Le Parlement soutient la législation de l'UE sur les carburants maritimes pour réduire les émissions
Le Parlement européen a voté mercredi en faveur de la réduction des émissions maritimes en obligeant notamment les grands armateurs à utiliser un pourcentage de carburants verts dérivés de l’hydrogène d’ici 2030 .
Le Parlement européen a voté mercredi (19 octobre) en faveur de la réduction des émissions maritimes en renforçant les limites d’intensité des gaz à effet de serre pour les carburants maritimes et en obligeant les grands armateurs à utiliser un pourcentage de carburants verts dérivés de l’hydrogène d’ici 2030.
La position du Parlement sur la loi FuelEU Maritime a été adoptée lors d’une session plénière à Strasbourg avec 451 voix pour, 137 contre et 54 abstentions.
La législation vise à sevrer le secteur maritime du pétrole lourd, très polluant, en stimulant l’utilisation de carburants à faible teneur en carbone.
Contrairement à sa loi homologue pour l’aviation, la législation de l’UE sur les carburants maritimes ne fixe pas le type de carburant à utiliser, mais plutôt le niveau d’émissions acceptable, qu’elle réduit au fil du temps.
Le rapporteur Jörgen Warborn, un législateur suédois du groupe PPE (centre-droite), a décrit le dossier comme « certainement la voie la plus ambitieuse au monde vers la décarbonation maritime ».
« La position du Parlement garantit la réalisation rapide et efficace de nos objectifs climatiques, en préservant la compétitivité du secteur maritime et en veillant à ce qu’il n’y ait pas de fuite de carbone ni d’emplois quittant l’Europe », a-t-il déclaré.
Il a fait l’éloge de l’approche « technologiquement neutre » soutenue par le Parlement, qui, selon lui, empêchera les régulateurs de « microgérer » la manière dont les émissions sont réalisées.
« Nous laissons aux propriétaires de navires le choix entre l’e-méthanol, l’hydrogène, les biocarburants avancés ou la propulsion éolienne à grande échelle », a-t-il expliqué.
Le secteur maritime de l’UE est responsable de 3 à 4 % des émissions annuelles de l’Union.
Des mesures actualisées
La Commission prévoyait une réduction en ce qui concerne l’intensité en gaz à effet de serre des carburants utilisés dans le transport maritime de 13 % d’ici 2035 et de 75 % d’ici 2050 par rapport aux niveaux de 2020. Les eurodéputés ont cherché à renforcer ces mesures, en optant pour une réduction de 2 % à partir de 2025, de 20 % à partir de 2035 et de 80 % à partir de 2050.
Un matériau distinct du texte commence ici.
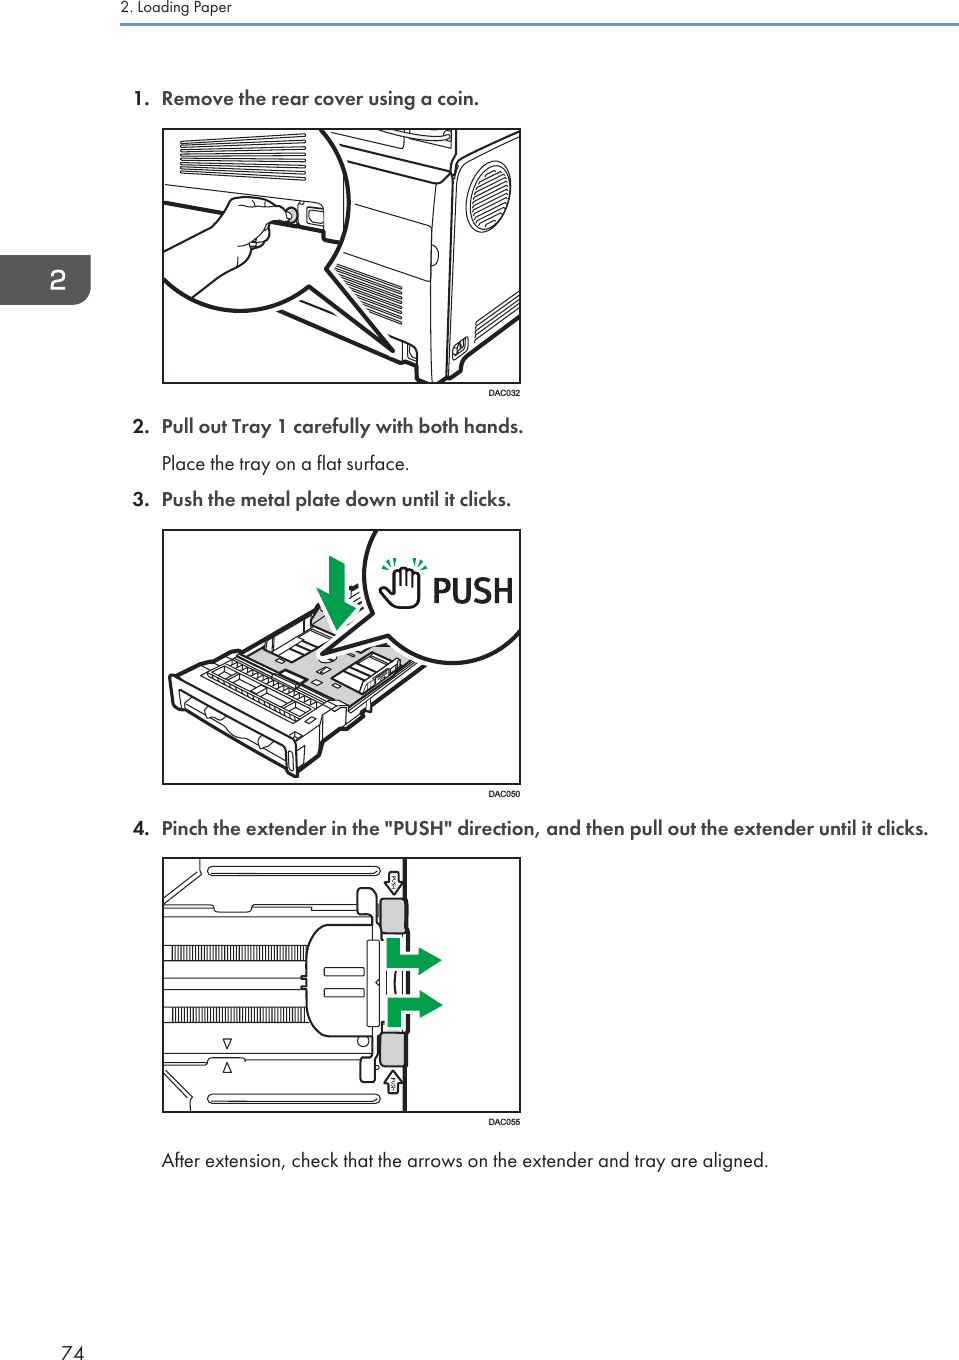 1. Remove the rear cover using a coin.DAC0322. Pull out Tray 1 carefully with both hands.Place the tray on a flat surface.3. Push the metal plate down until it clicks.DAC0504. Pinch the extender in the &quot;PUSH&quot; direction, and then pull out the extender until it clicks.DAC055After extension, check that the arrows on the extender and tray are aligned.2. Loading Paper74

Si la totalité des navires circulant dans l’UE est soumise à ces objectifs, seule la moitié de l’énergie utilisée par les navires en provenance ou à destination de ports situés en dehors de l’Union sera couverte.
Cette réduction de 50 % s’applique également aux navires en provenance ou à destination des régions ultrapériphériques de l’UE.
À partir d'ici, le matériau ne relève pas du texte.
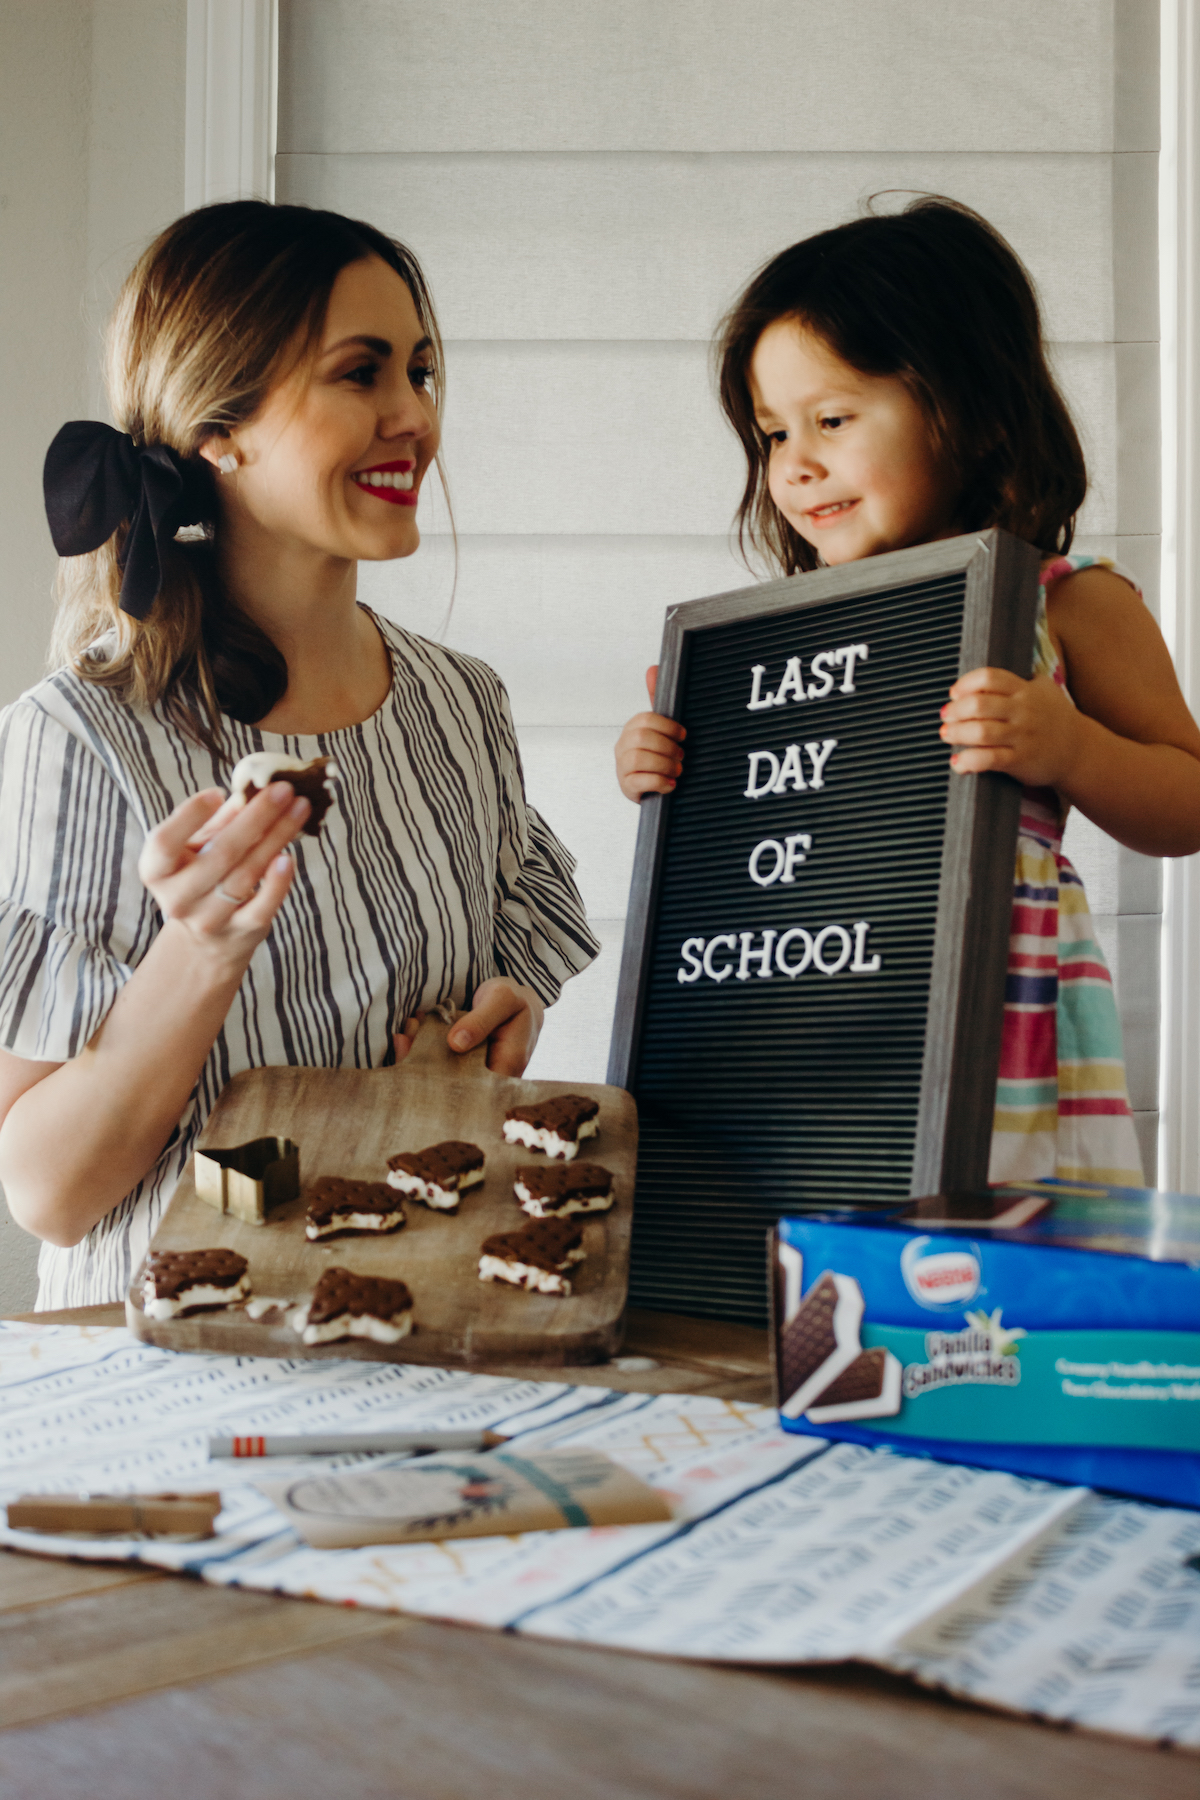 School Party Snack Ideas + Free Printable “When I Grow Up” Card

Les navires de moins de 5 000 tonnes sont également exemptés, une décision qui, selon M. Warborn, était nécessaire pour protéger les petits armateurs « de charges économiques et bureaucratiques massives ».
« Passer à 4 000 tonnes de jauge brute signifie bien sûr que beaucoup plus de navires seraient couverts par [le règlement], mais nous n’obtiendrions qu’une réduction supplémentaire de 6 % du CO2 », a-t-il expliqué.
M. Warborn a travaillé avec l’eurodéputé socialiste allemand Ismail Ertug, qui est rapporteur pour le dossier du règlement sur les infrastructures de carburants alternatifs (AFIR), afin d’assurer la compatibilité avec FuelEU Maritime.
Dans le cadre de l’AFIR, les ports situés le long des principales routes maritimes de l’UE seront tenus de fournir une infrastructure d’alimentation électrique à terre, qui permettra aux navires de se recharger à quai.
Dans le cadre de FuelEU Maritime, les navires de transport de marchandises et de passagers seront tenus d’utiliser cette infrastructure au lieu de brûler du carburant dans les moteurs pour répondre à leurs besoins énergétiques. Cette mesure vise à améliorer la qualité de l’air dans les ports.
Objectif de 2 % pour les e-carburants
Contrairement à la Commission européenne, la position du Parlement comprend un sous-objectif de 2 % pour les carburants électriques.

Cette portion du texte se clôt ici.